What makes a garden memorable? Gardens are defined by their owners. They speak their sensibility, communicate their vision. This beautiful garden story begins with 2 children. Two glorious trees were planted when each child was born. The Weeping Cherry at one end of the garden and the Weeping Katsura at the other end of the garden. Every other part of the garden was overgrown and there was no lawn remaining. Our client wanted a garden that inspired creative thinking combined with the aesthetics of New England simplicity and the Japanese reverence for order, balance and their symbolic depictions of nature. She had grown up in Japan, so she wanted to bring the feeling of peacefulness and restraint which is characteristic of the Japanese garden into her own garden.
We worked around the magnificent mature trees and sought to weave a garden into the existing topography without any change to the grade so as not to disturb the roots of the large trees. Three quarters of the garden was hidden by white Delaware Valley Azaleas. We first removed the azalea and discovered a long expanse of level ground, perfect for the pool. We pushed the soil into a slope and retained it with a stone wall so that the pool was inset into the slope which enabled us to maintain a wide swath of lawn on the other side. The pool fit perfectly into the newly opened space between the two trees.
The next efforts were to build a stream bed down to the pool from the upper levels of the rear garden where the studio is sited. It needed to feel just like a natural streambed one might stumble upon in Maine or northern New England. Several shallow pools would compose the steam bed and Jake, their wonderful yellow lab would be able to cool off in these refreshing pools that were fed by the saline waters of the pool and then recirculated through the saline pool system. A series of falls, asymmetric and mirroring nature were built to create the shallow pools. Our dear client and friend went with us to select the Susquehanna River boulders. She sat on them, stood on them, studied each one, they had to feel like a real babbling brook along the Maine coast.
There had long been drainage problems, the water had flowed down the hill into the rear foundation of the house, so we corrected this problem when we built the stone terrace off the rear of the house and regraded to catch water and carry it to the front. The process of sculpting the streambed and placing stones as if you had stumbled upon them in nature began and ended happily. Once the streambed was in place, and the pool excavated, we could begin to lay out the stone path to the writer’s studio/music studio. The path to the studio would need to wind up and around the streambed to the studio presenting changing vistas to the ‘mountain’ ahead and studio at the peak.

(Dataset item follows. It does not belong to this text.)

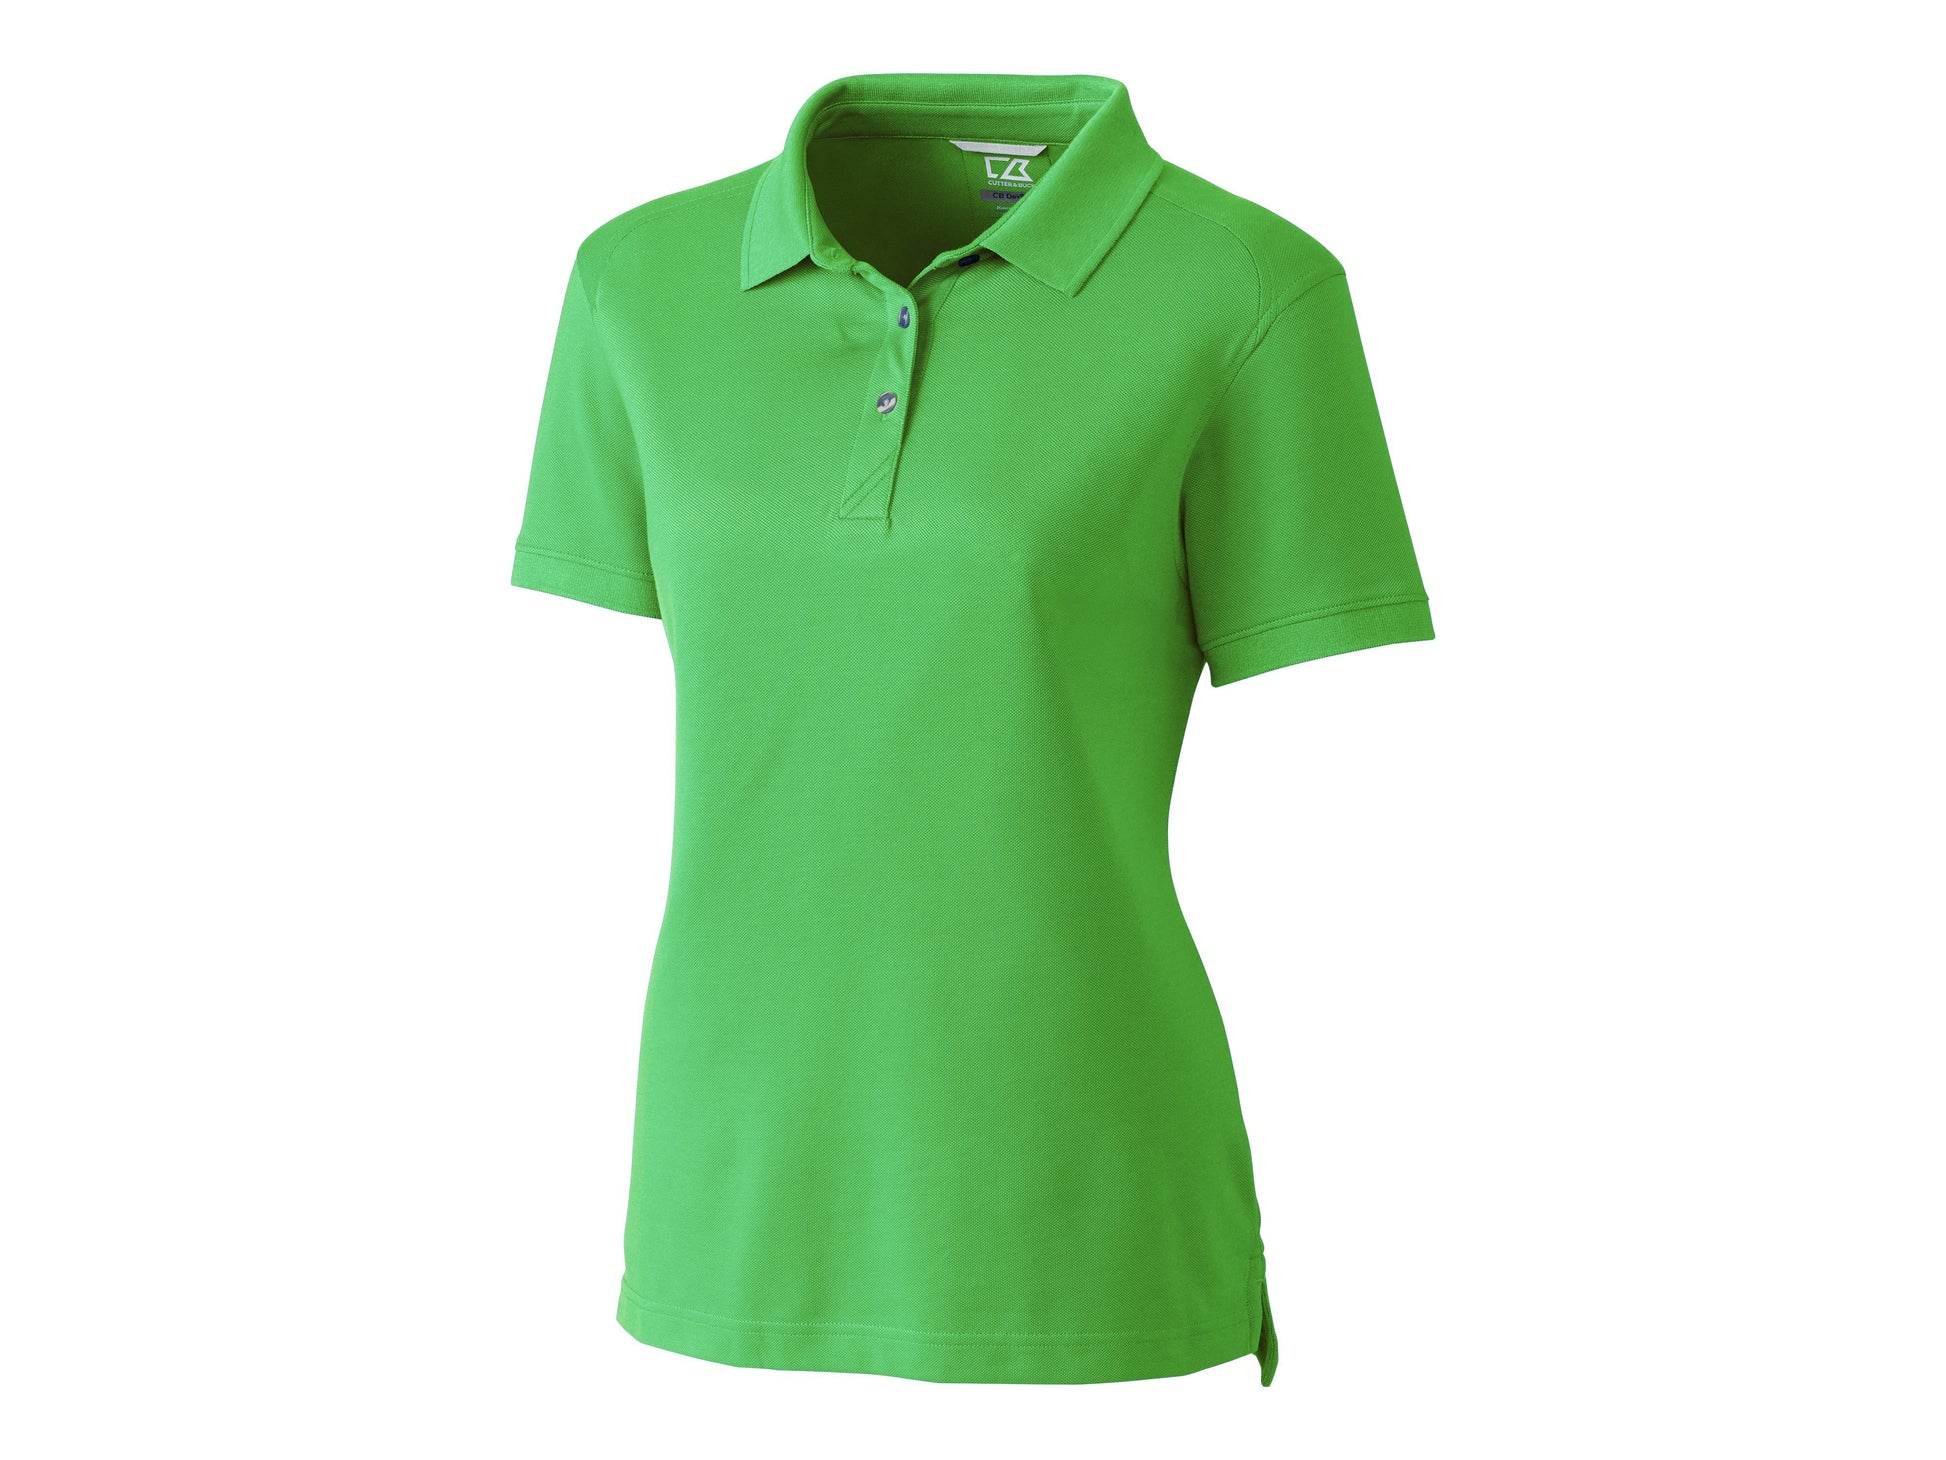 Cutter and Buck Shirts Advantage Polo (Women's Cut) - LCK08685 - Cilantro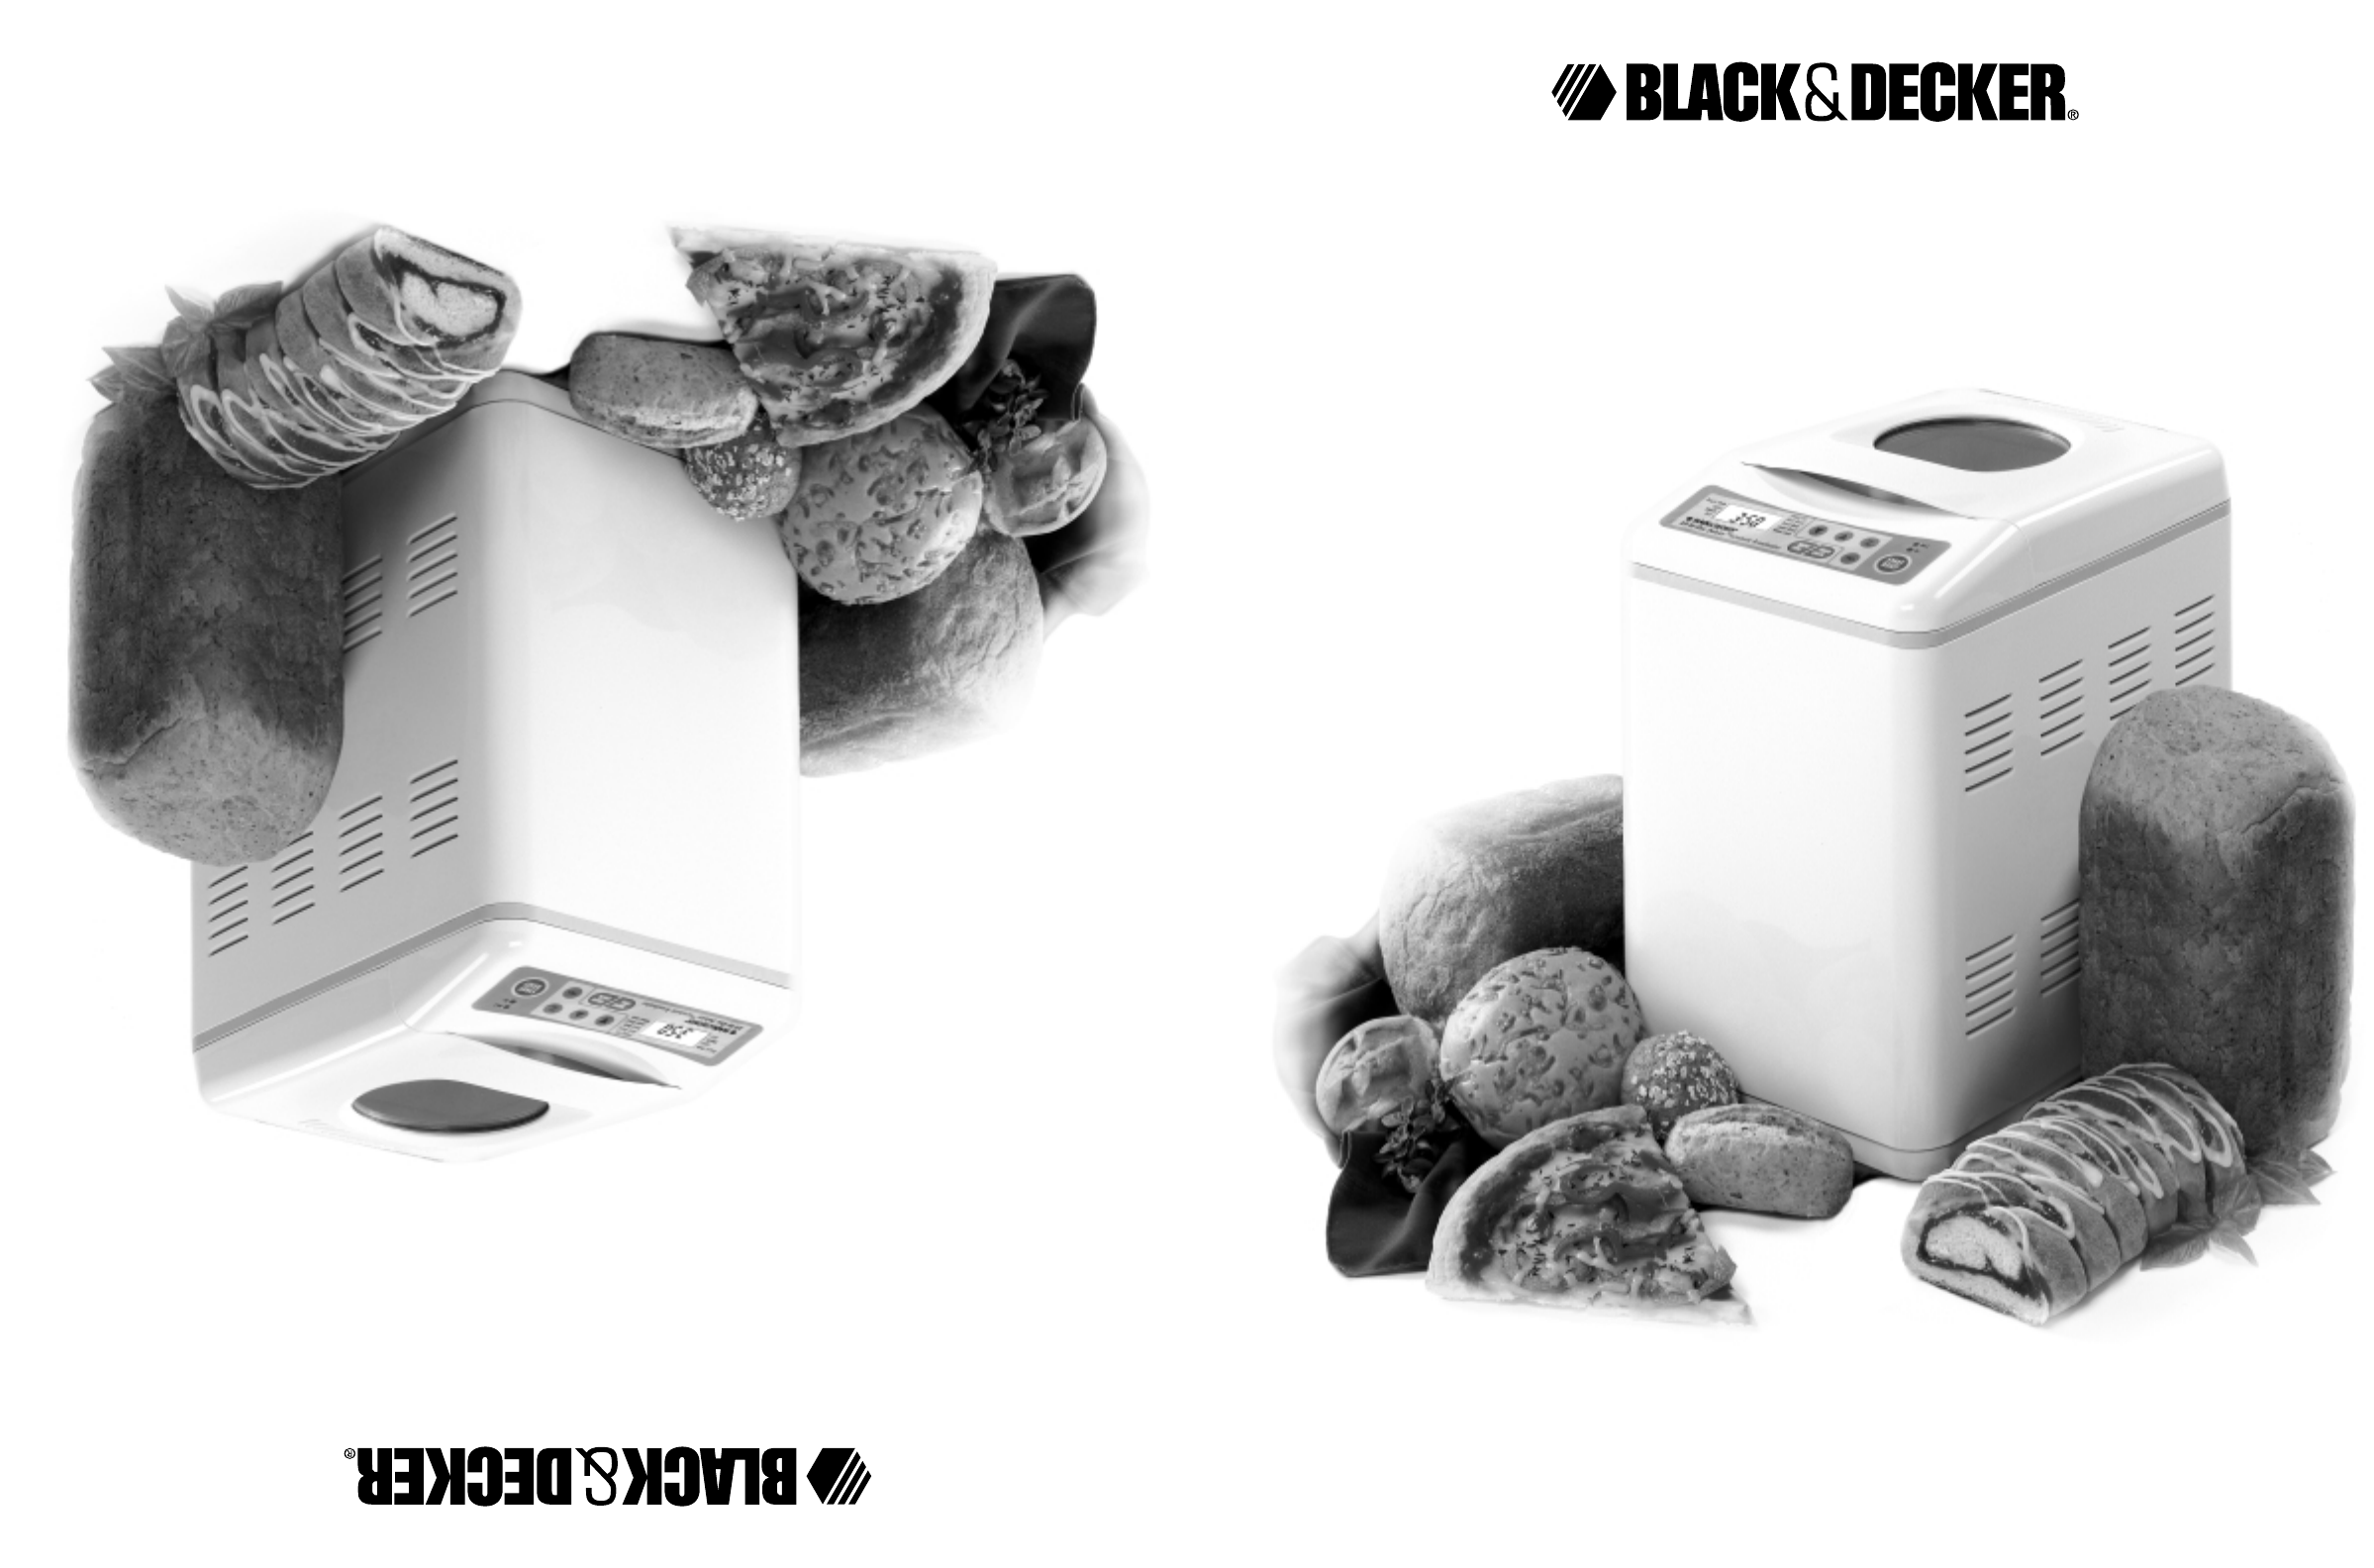 Black and decker bread maker model b1600 manual

The weeping cherry cascading over the pool and streambed mirrored nature as did the careful selection of boulders. We snaked the path from the left of the garden up and over to the far right in a happily meandering, poetic way with charming pockets of fern plantings along the way. The garden became a condensation of nature as we know it and imagine it with masses of evergreen and deciduous shrubs relating to the rocks and the water.
Music and writing genius figures prominently in this wonderfully talented family. The studio at the highest point in the garden needed to have a winding, dreamy path, conducive to the creative process and the sound of the babbling brook that fed the pool needed to mirror the sound of a real babbling brook. Conor’s music studio sits overlooking the stream, fountain and pool garden below. The sound coming from the mouth of the
stream is magical, lyrical and never ceases to inspire. From Conor’s teaching studio, this young, extraordinarily talented musician composes and practices. To hear Conor play the piano is to hear the birds singing in early spring. (https://www.conorbuckleymusic.com/blank)
The goal was to create a garden that nourishes creativity, a garden that was an expression of tranquility. Here, the long perennial border spills cascade over the pool stone wall. A bank of hydrangea fills the slope off the terrace at the kitchen. Plantings are in masses and composed as you would find along a woodland path. The pool sits comfortably between the two weeping trees as though it has been here a hundred years and has another 300 more to go. It is ageless, a part of nature.